[Python-Dev] String module
Martin v. Loewis
martin@v.loewis.de
31 May 2002 00:05:44 +0200
Guido van Rossum <guido@python.org> writes:
> Thanks! But now we have a diverging set of isxxx methods for 8-bit
> strings and Unicode. I really don't know what the equivalent of these
> (ispunct, iscntrl, isgraph, isprint) is in Unicode -- maybe MAL or MvL
> know?
I don't think there is an "official" mapping between these categories
and Unicode character categories. I believe an "intuitive"
relationship would be:
ispunct: Punctuation (Pc, Pd, Ps, Pe, Pi, Pf, Po)
iscntrl: Other, control (Cc); perhaps other Other
isprint: Letters (L*), Marks (M*), Numbers (N*), Separators (Z*),
perhaps informative categories (Symbol, Punctuation)
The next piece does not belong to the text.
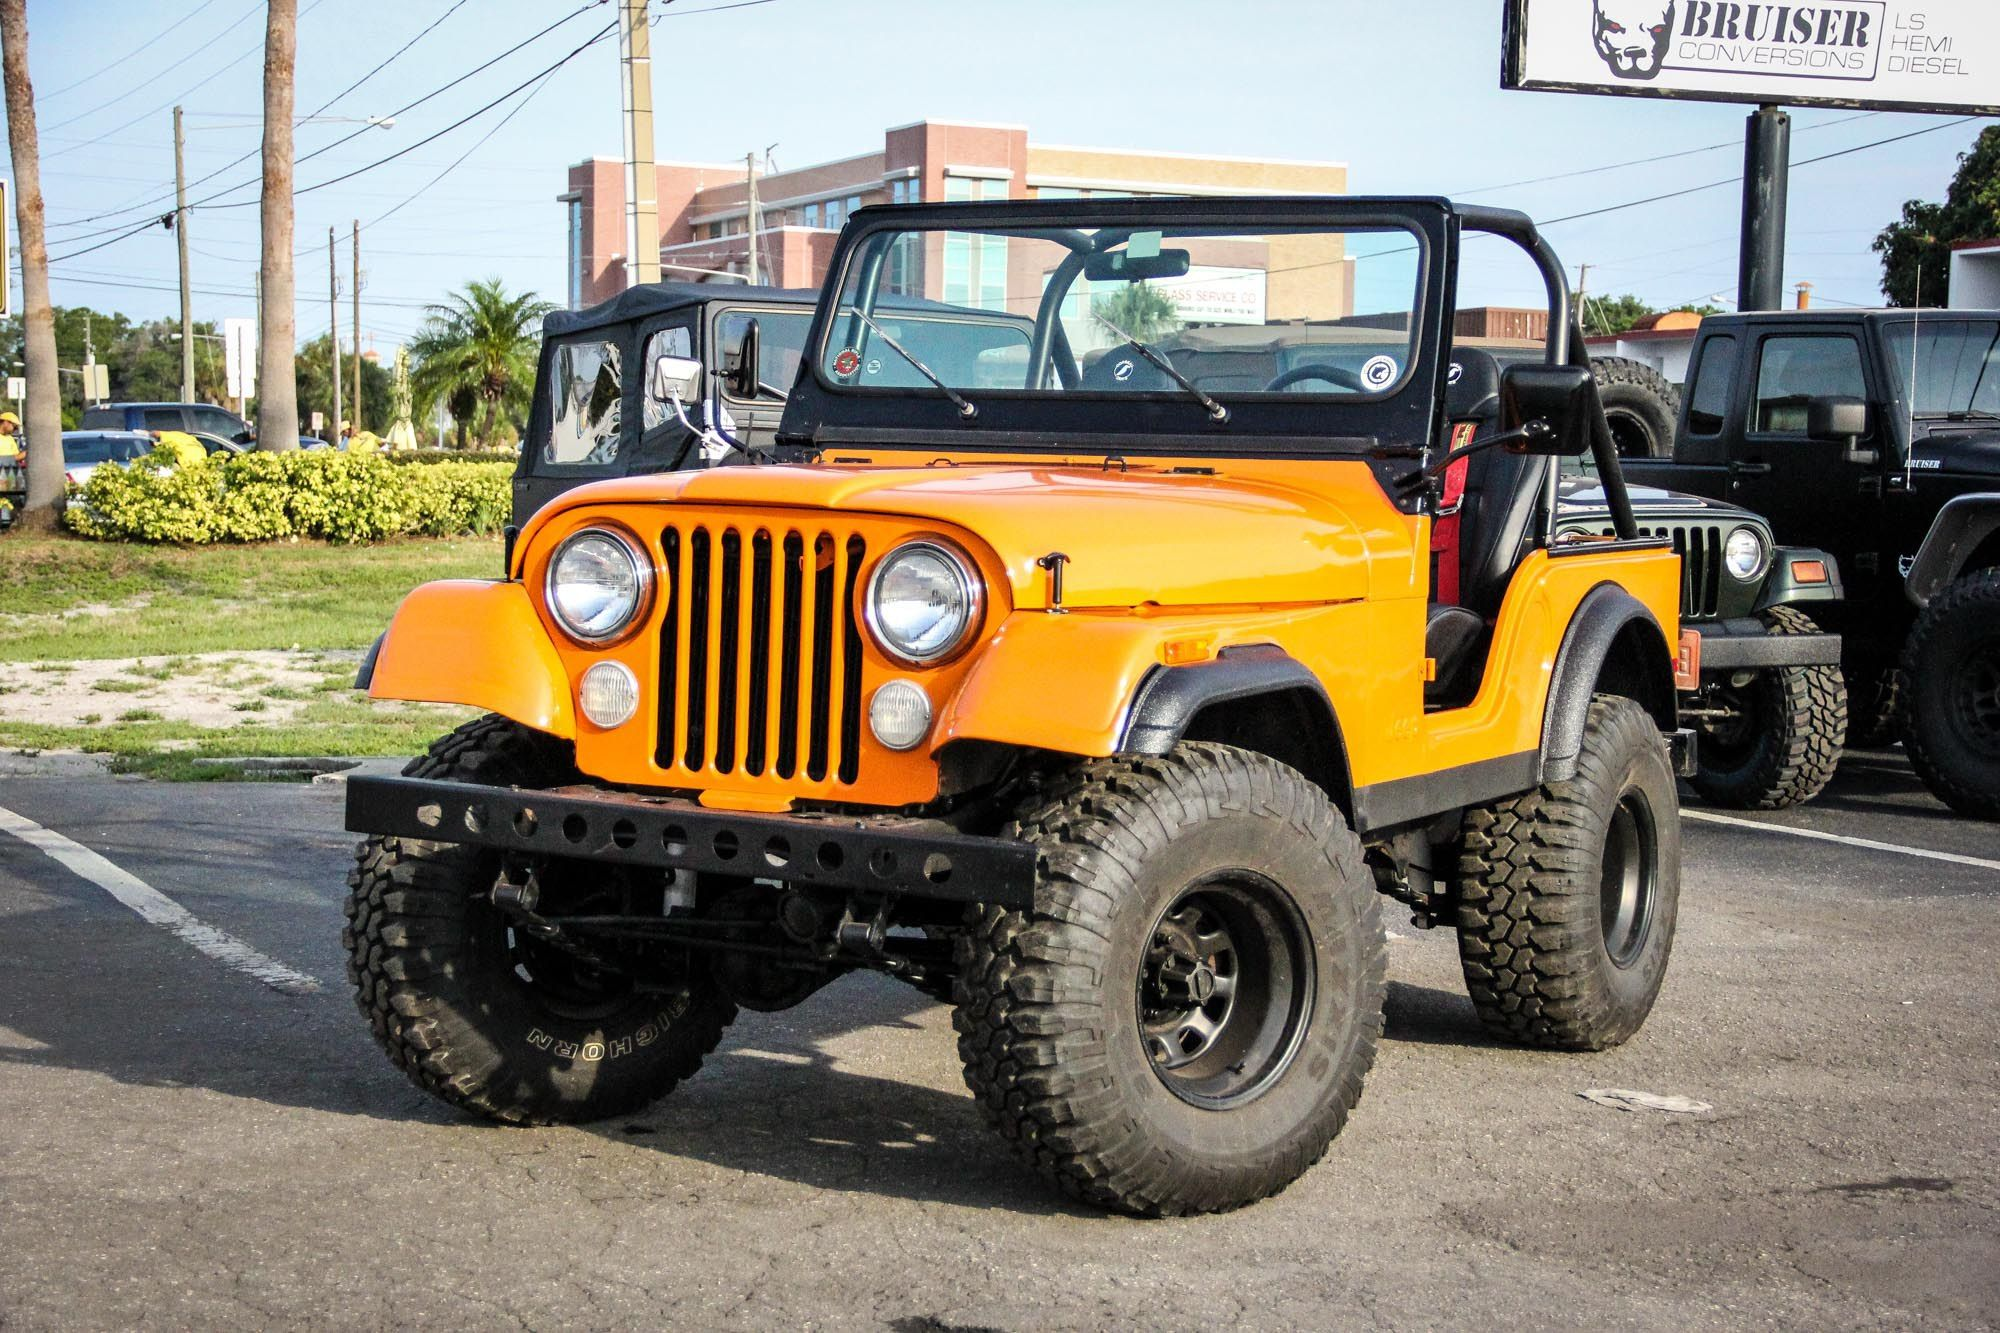 jeep wrangler cj diesel conversion jeep life pinterest jeeps diesel and jeep cj. Black Bedroom Furniture Sets. Home Design Ideas

isgraph: everything isprint, except Separators
Another approach is to use the classification found in other
libraries, such as Qt, Perl, or Win32 (GetStringTypeW).
Marcin Kowalczyk presented his intuition in
http://mail.nl.linux.org/linux-utf8/2000-09/msg00076.html
but some of his classification was challenged later on; I guess glibc
would be just another library to draw classificiations from.
> Unicode also has a wider definition of digits; do we want to
> extend isxdigit() for that? (Probably not, but I'm not sure.)
Certainly not. We have to remember the common use for these, which is
in computer stuff. There, hexdigit is 0..9{a..f|A..F}.
Regards,
Martin